Why would an Arab ruler like al-Sissi praise a politician like Trump, known for his anti-Muslim statements? Bachir Abdelfatah of the Al Ahram Center for Political and Strategic Studies in Cairo points to several reasons. The first one is the deterioration in relations between the US and Egypt since the ouster of President Mohammed Morsi and the bloodshed that followed, which Barack Obama eyed critically but Trump does not seem to mind. Secondly, he and al-Sissi flirted politically during the US election campaign, with Trump making no effort to hide his opinion that al-Sissi was a source of stability in the region, without criticizing his human rights record. Trump's steadfast position against al-Sissi's archenemy, the Muslim Brotherhood, is another decisive factor. For Trump, this is not a troublesome partner in a necessary dialogue, but a terrorist organization.
Assad sees his chance
Syria's dictator Bashar al-Assad might also be happy about Trump's victory, even if he doesn't enjoy the official praise al-Sissi enjoys.
"I don't like Assad at all," Trump said during one of the televised debates against Hillary Clinton. "But Assad is killing the IS," or the so-called "Islamic State." The daily atrocities and crimes meted out by the Assad regime against the Syrian people were not worth mentioning for Trump, which the regime understands as a cautious sign in its favor.
The official regime newspaper, Al-Baath, called Trump's victory the "awaited change." Other pro-Assad commentators are pleased that with Trump, regime change in Damascus may be off the table for good. They might be right, seeing that Trump's first priority is beating IS because they also kill US citizens. The Syrian regime's crimes alongside those of foreign-controlled militias that led to the death of hundreds of thousands of Arabs, Kurds and others are less of a concern, as long as Assad's violence does not target Americans.
The governments of Saudi Arabia and Iraq can also hope for a reasonably good cooperation with the new American president. Hillary Clinton would have been in no way preferable, although they do not like all of Trump's political views. The Saudis are glad to have Trump calling into question the nuclear deal with Iran - their archenemy. Iraq's Prime Minister Haidar al-Abadi hopes Trump will provide more support in the fight against IS.

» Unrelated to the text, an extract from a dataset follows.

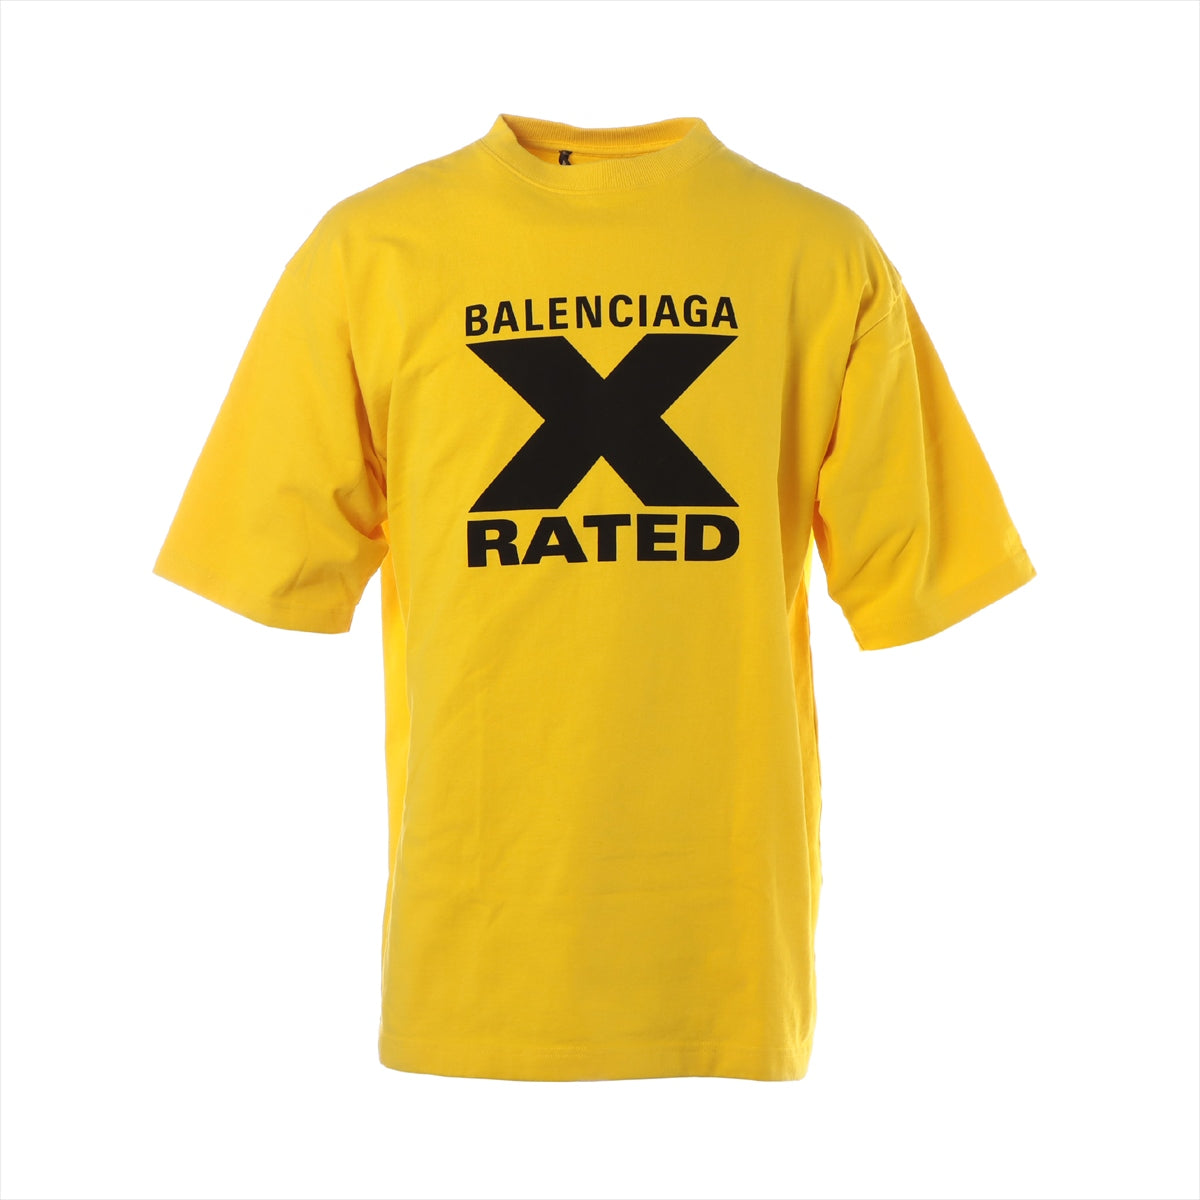 ガジュマルメンズウェアBALENCIAGA/バレンシアガ Tシャツ X-RATED イエロー XS

It is worth comparing the official Arab congratulations and the more cautious one of German Chancellor Angela Merkel, delivered on camera in a statement to the press. Merkel, too, congratulated Trump on his victory. However, she made clear that cooperation between the long-time Western allies would be on the basis of their shared values: democracy, freedom and human dignity. Merkel can afford to make such a strong, proud and confident statement because she was freely and democratically elected.
The statements from Arab leaders were nothing more than an attempt to ingratiate themselves with an incoming president who made no secret of his aversion to Muslims during the campaign. Many of these leaders feel emboldened with regard to their own tactics of oppression, although, unlike Trump, they did not come to power by way of free, fair and democratic elections.
Unfortunately, Trump's victory also encourages Arab autocrats. This is a dangerous development and another depressing experience for all those who fight for reforms in the Arab countries.